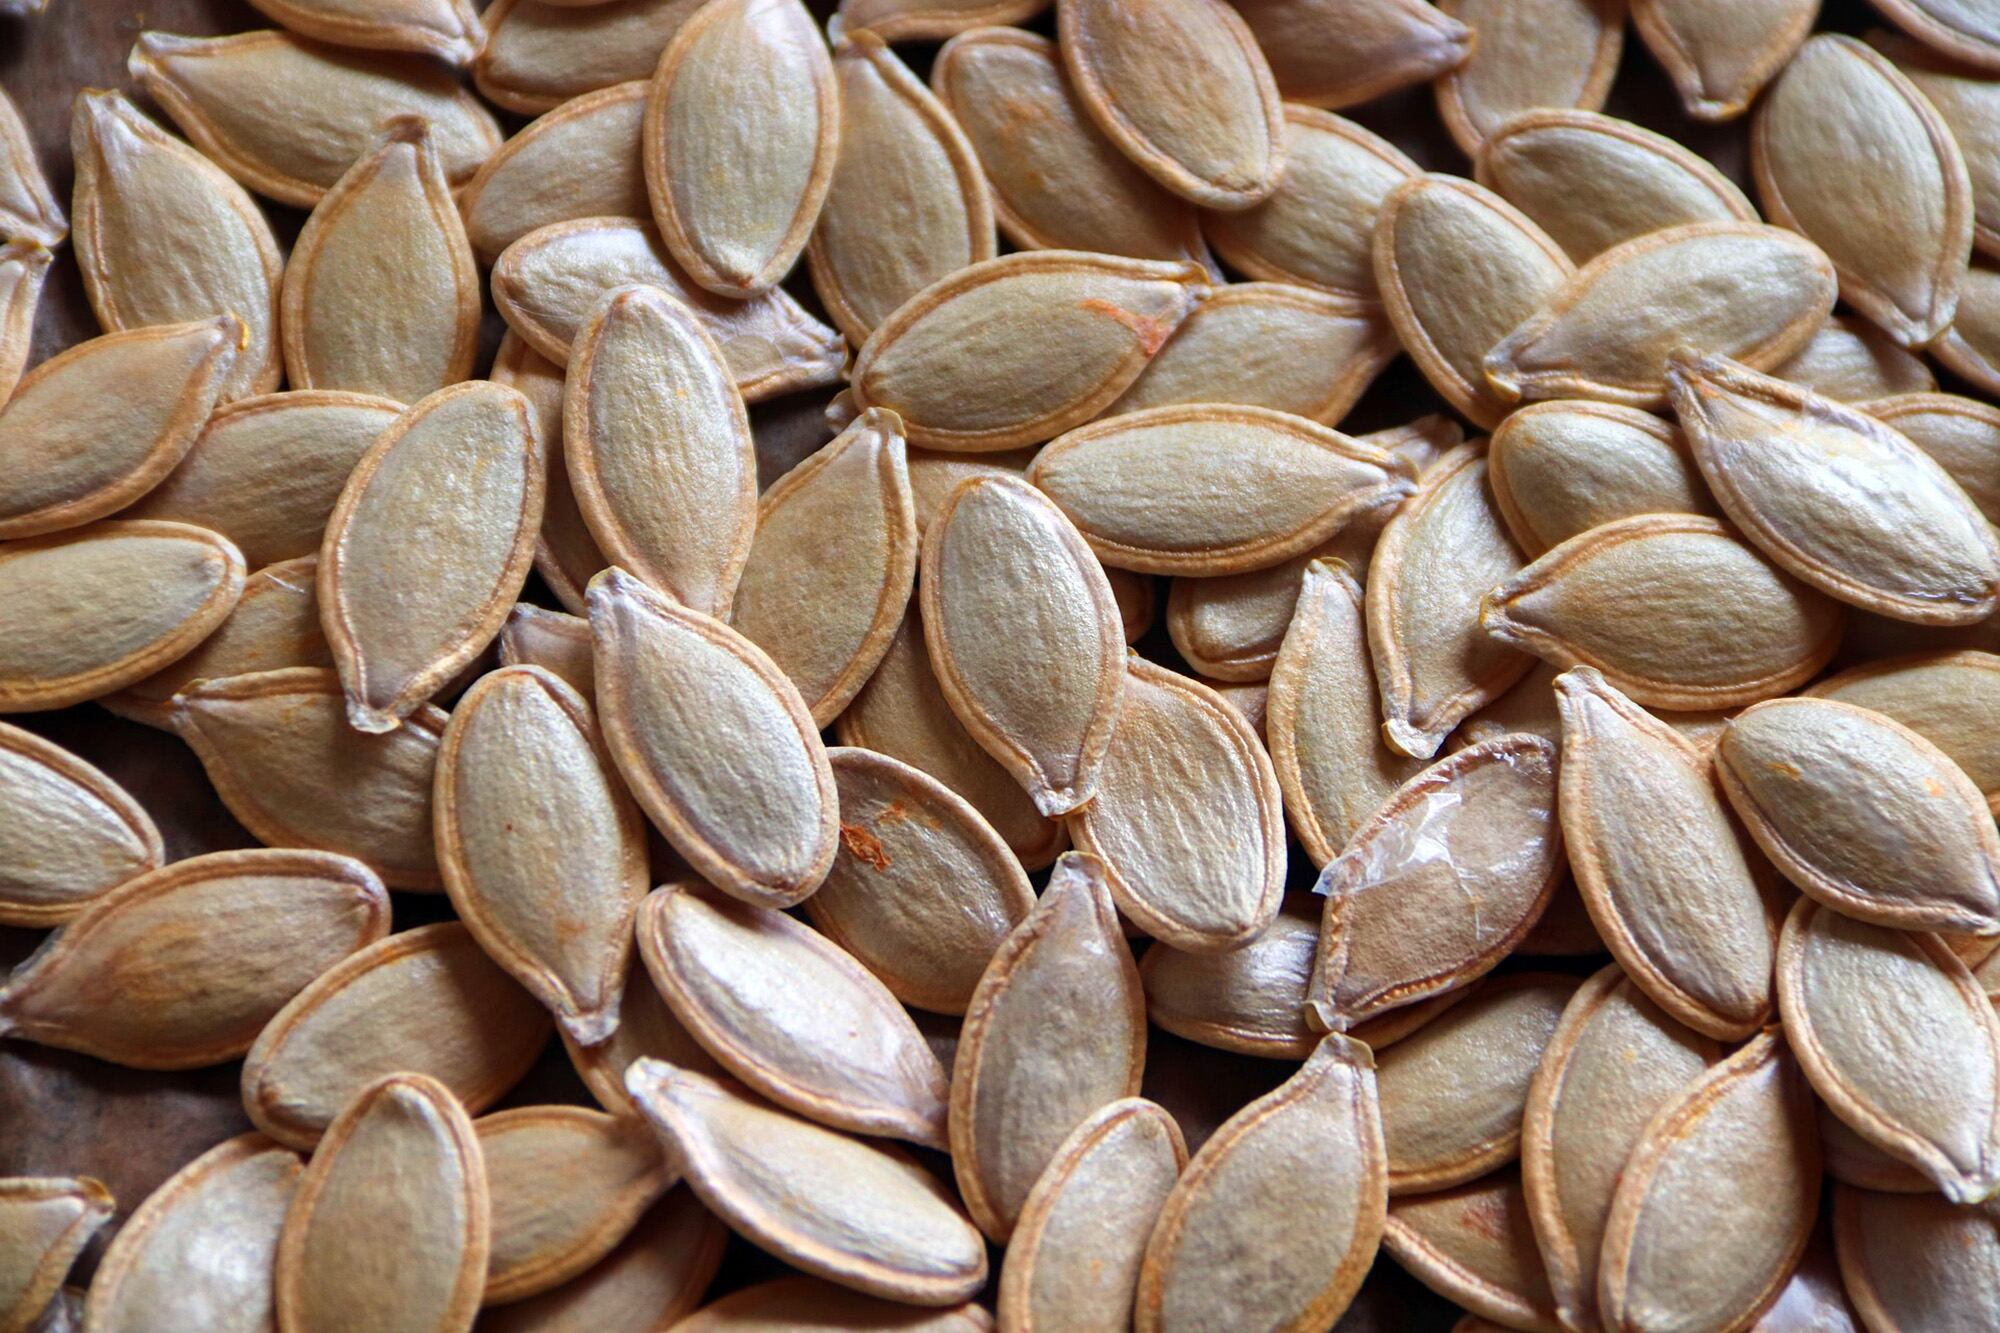 Si se guardan cuando se usa el zapallo, las semillas pueden conservarse en la heladera para convertirse más tarde en un delicioso snack
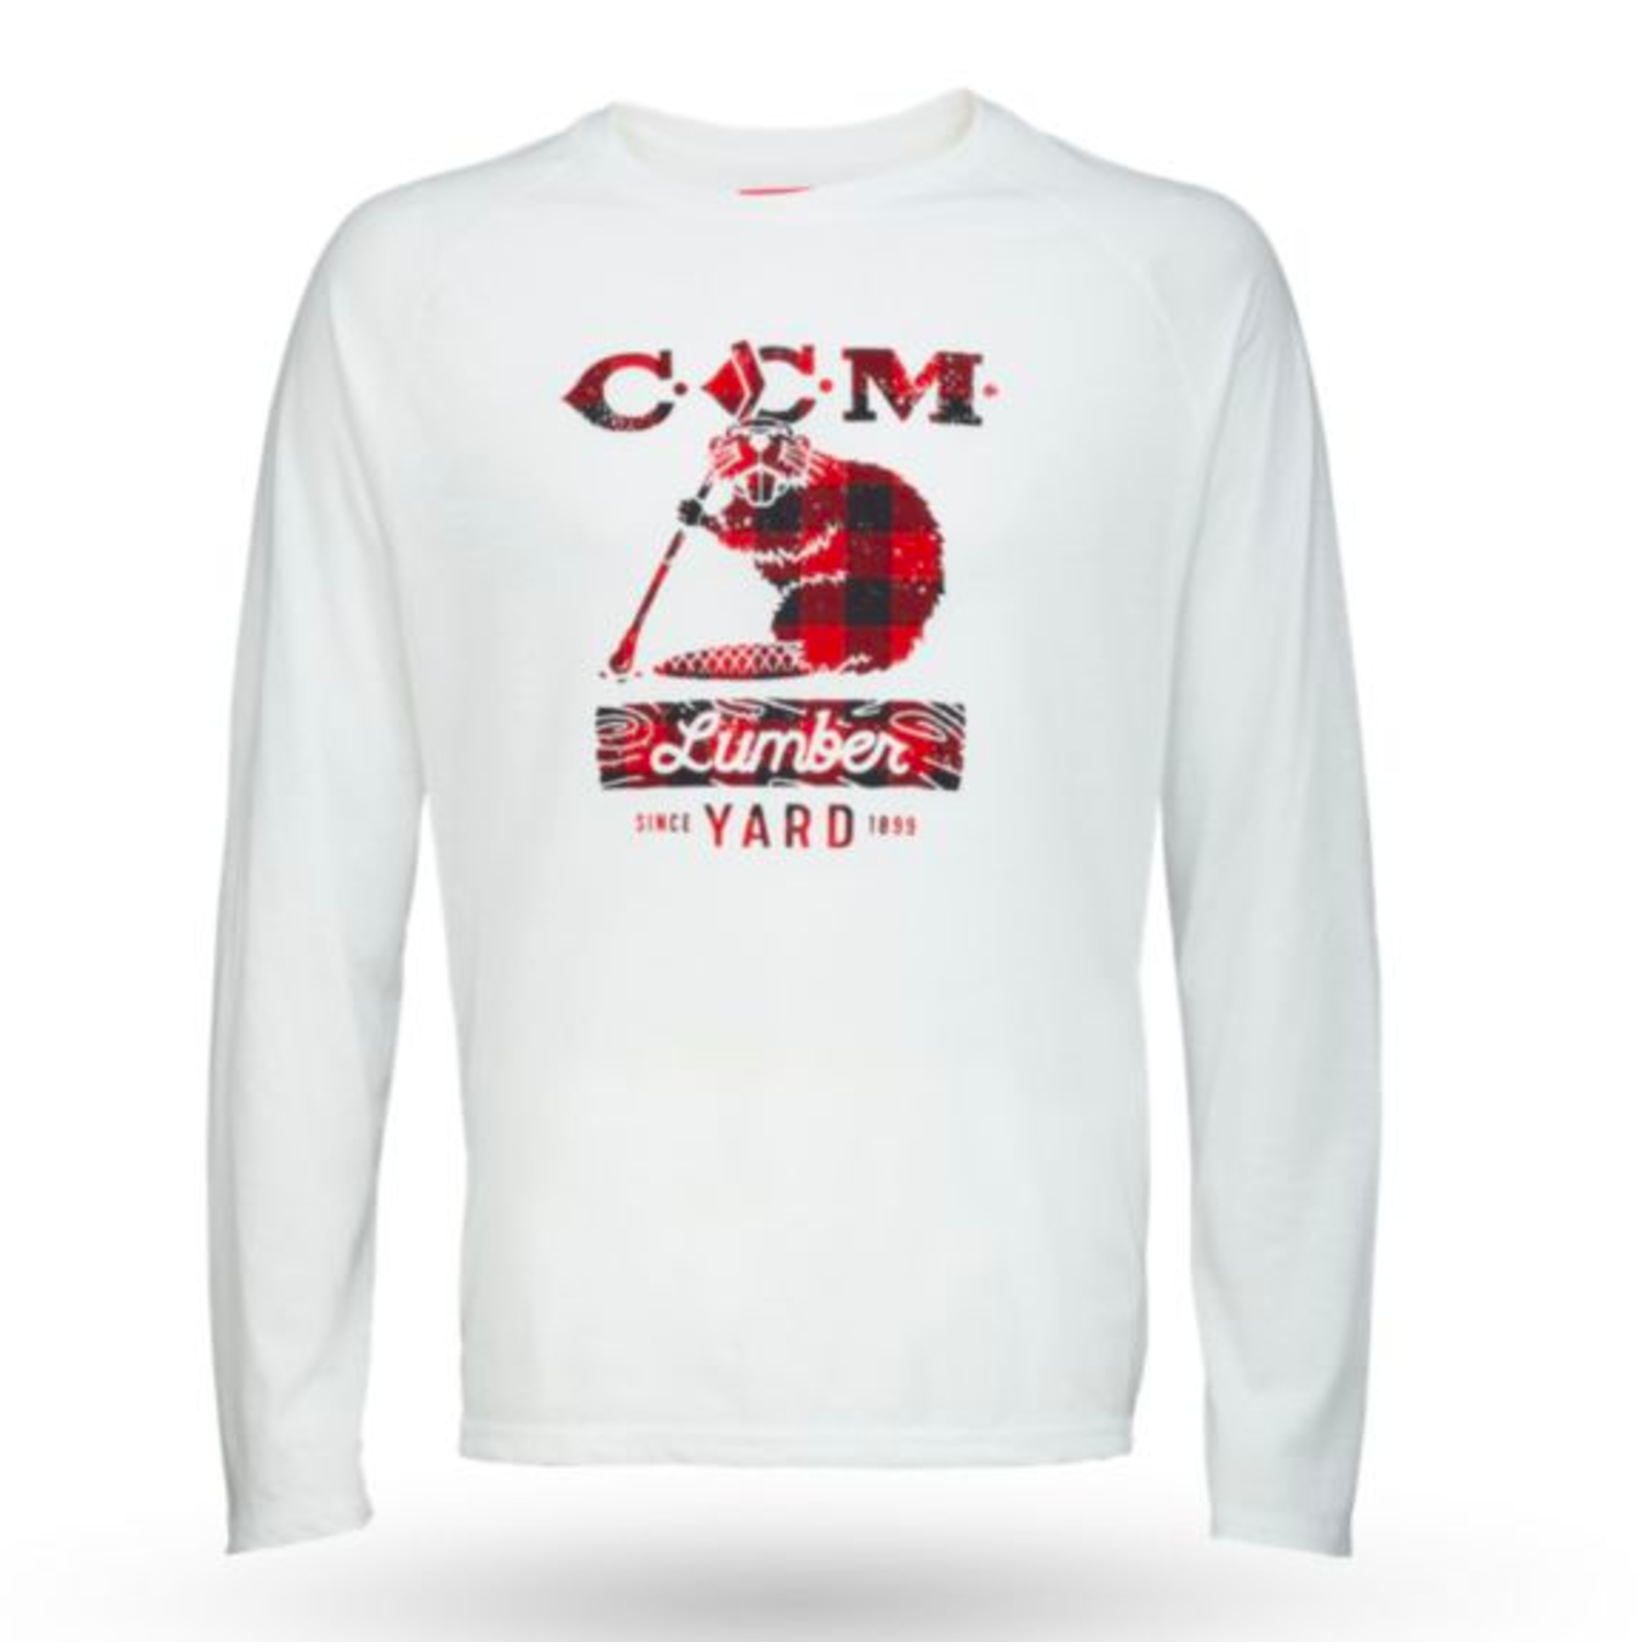 CCM, Shirts
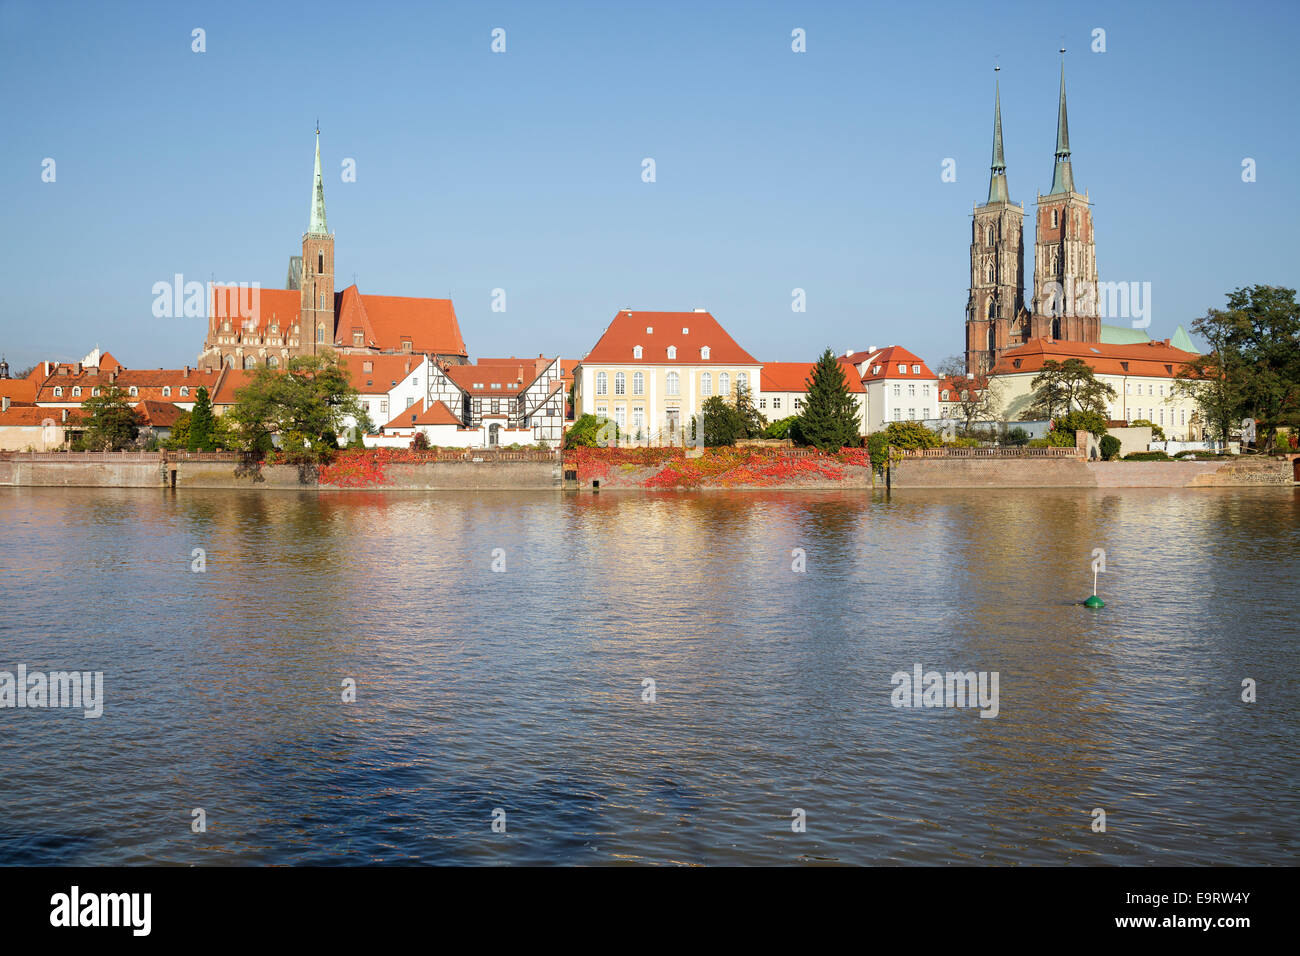 Île Ostrow Tumski, la cathédrale de Wroclaw, Pologne Banque D'Images
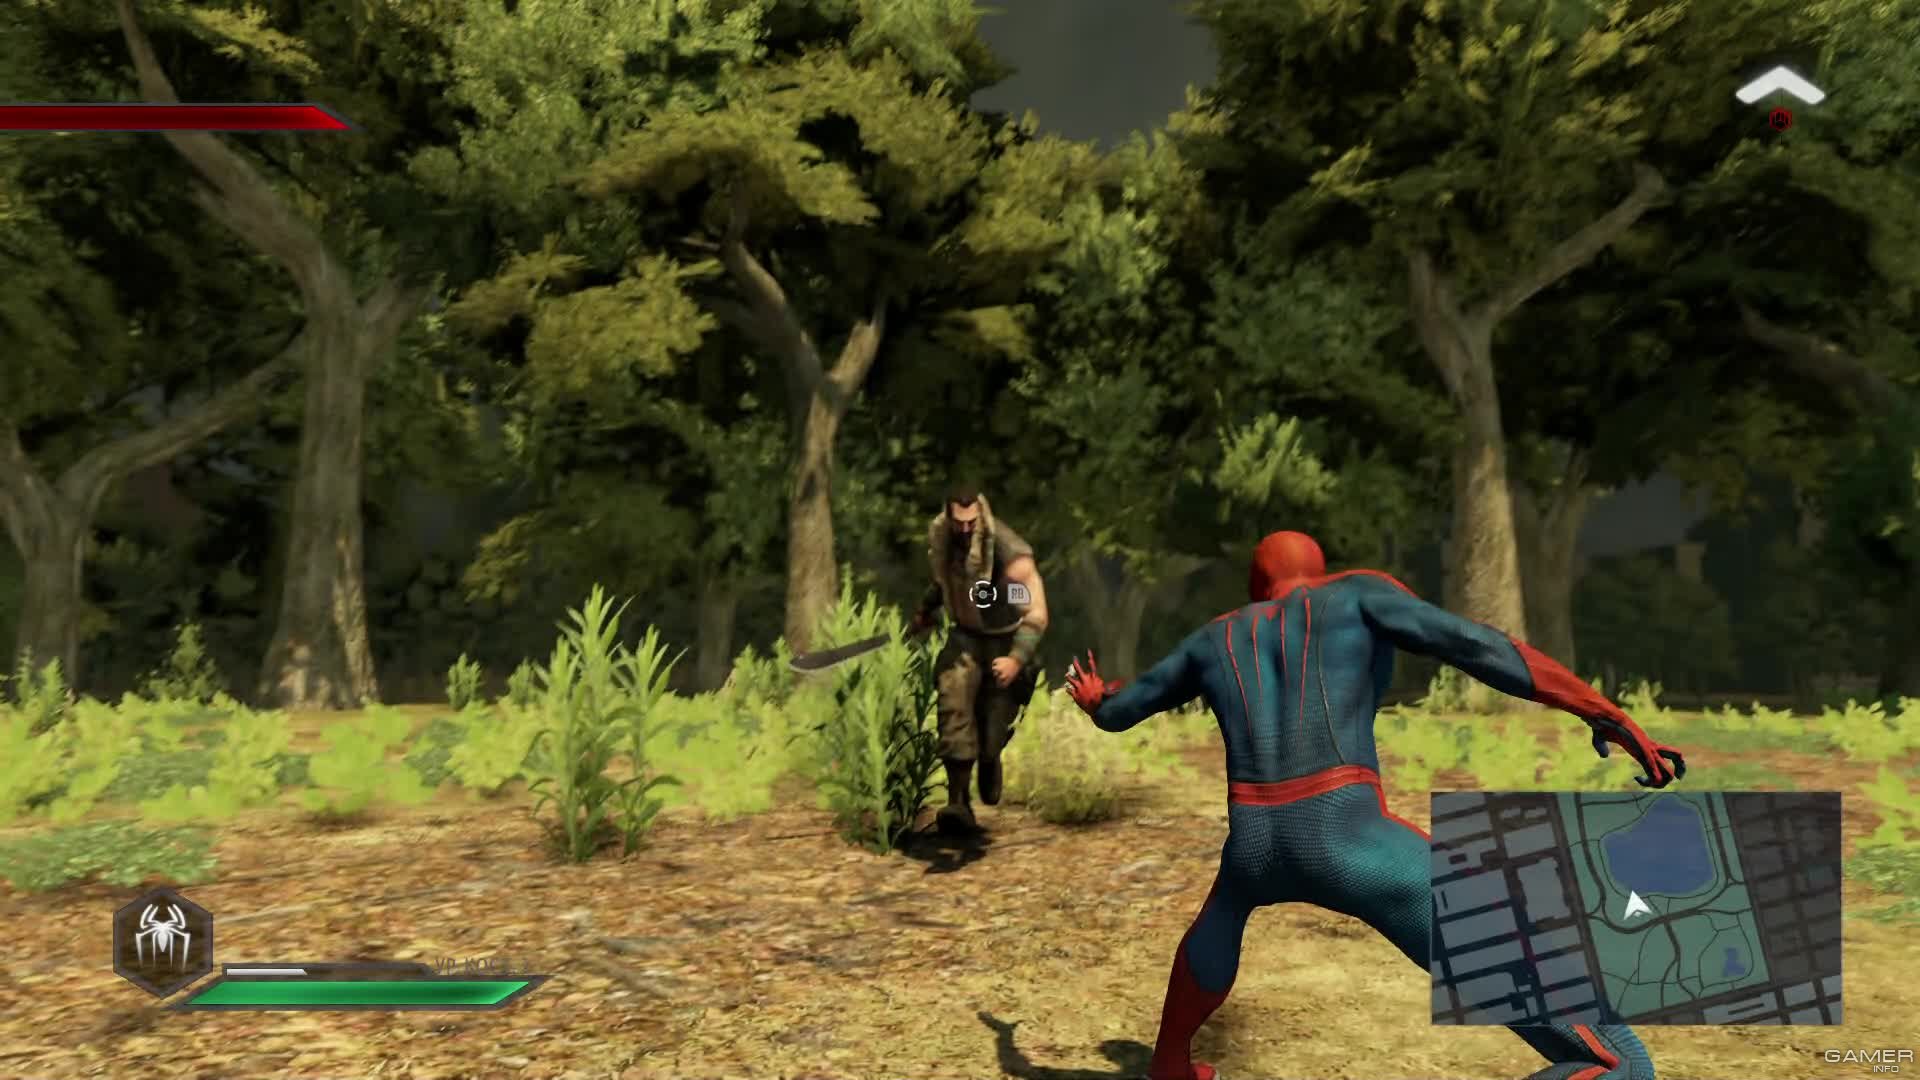 The Amazing Spider-Man 2 (2014 video game), Spider-Man Wiki

■ ■ ■

Where pictures sit among the data above, omit them, and output the rest exactly.

▶ [SOLUTION FOR THIS EXERCISE]
 Si se guardan cuando se usa el zapallo, las semillas pueden conservarse en la heladera para convertirse más tarde en un delicioso snack
 CCM, Shirts
 Île Ostrow Tumski, la cathédrale de Wroclaw, Pologne Banque D'Images
 The Amazing Spider-Man 2 (2014 video game), Spider-Man Wiki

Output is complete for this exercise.